The idea was simple: By creating a market in which people can buy and sell contracts that pay $100 if certain political events occur in the Middle East, we can infer from the price of such securities the probability of these outcomes. By explicitly pricing such risks, we can better understand them and better respond to them.
Financial markets are incredibly powerful aggregators of information, and are often better predictors than traditional methods. The examples are numerous. The futures market in orange juice concentrate is a better predictor of Florida weather than the National Weather Service. The Iowa Electronic Markets outperform the opinion polls in predicting presidential election vote shares. Hewlett-Packard ran a market forecasting printer sales that outpredicted any of its analysts. The Defense Department should be applauded for admitting to its own limitations. Last winter we studied a market in "Saddam Securities" that proved to be a good predictor of the probability of war in Iraq.
The reason markets work so well is that they reflect our collective wisdom. And your opinion will be reflected only to the extent that you're willing to put your money where your mouth is.
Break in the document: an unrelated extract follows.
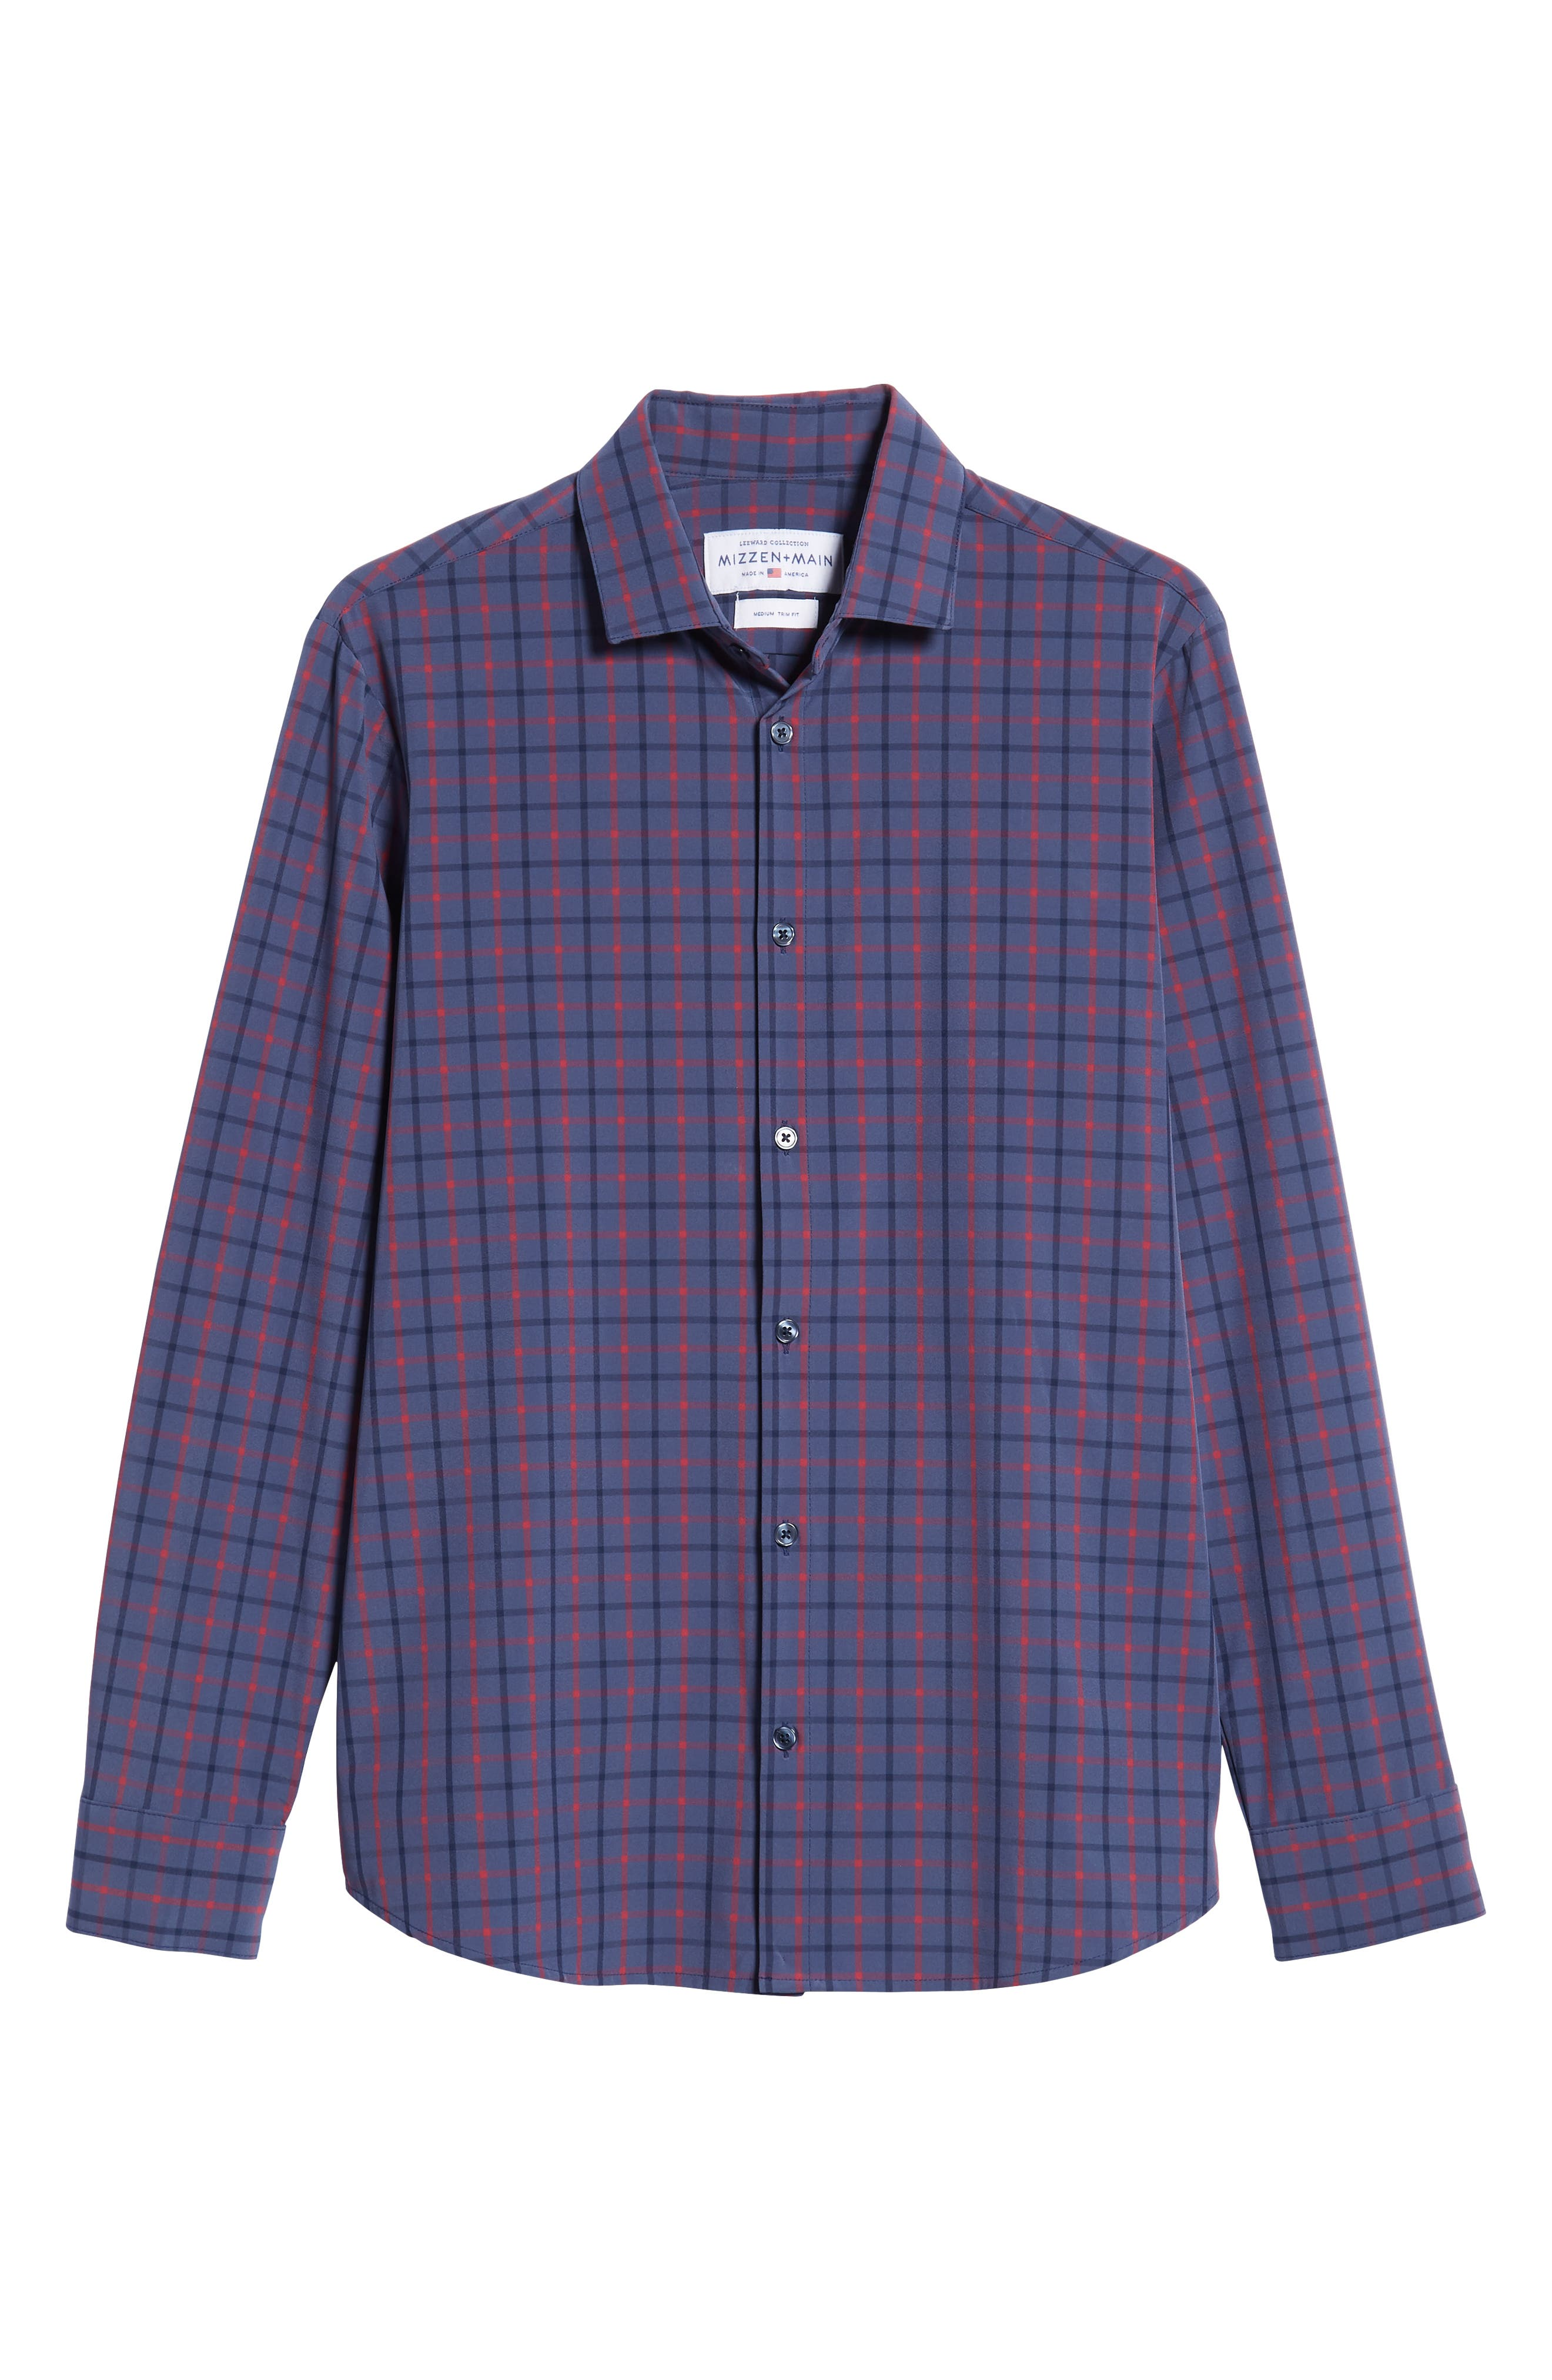 Wilson Slim Fit Plaid Performance Sport Shirt,                             Alternate thumbnail 5, color,                             BLUE

While the joke about military intelligence being an oxymoron is an old one, it bears repeating here. It's no coincidence that we don't have the same doubts about financial markets. Recent events have underscored the difficulty of aggregating information from lower levels of the intelligence bureaucracy. Imagine if a "Niger Uranium sale" contract had been trading in January; our guess is that this would have been close to valueless, reflecting the hard intelligence available at the time that such sales never occurred.
Political critics contend that betting on political disruptions not only is distasteful to many but that it also provides an incentive to create political strife, because an assassin might be able to bet that political strife is likely and then go out and cause the strife himself.
But those opportunities and incentives to make trouble already exist. The stock market fell 2.8 percent following President Kennedy's assassination; it fell 4.9 percent following the attacks on the World Trade Center; and the oil markets gyrate wildly with each assassination attempt in the Middle East.
Terrorists determined to profit from their actions can easily buy derivatives to cash in on their actions. Of course they will leave behind a paper trail. But more to the point, all that these prediction markets will do is make the information content of such trading more transparent for policymakers.
A more serious concern raised is that terrorist organizations might trade in the market to create disinformation. But terrorist organizations already have many channels for disinformation, and the profit motive in these markets provides incentives for those who know the truth to correct such disinformation. The one thing that economists actually agree on is that people do respond to such incentives.
Legislatures are not the best institutions for directing research, economic or otherwise. The banished Pentagon program didn't deserve this sort of treatment.
Justin Wolfers and Eric Zitzewitz are assistant professors of economics at Stanford Graduate School of Business. They are co-authors, with Andrew Leigh of Harvard, of a study titled "What Do Financial Markets Think of War in Iraq?"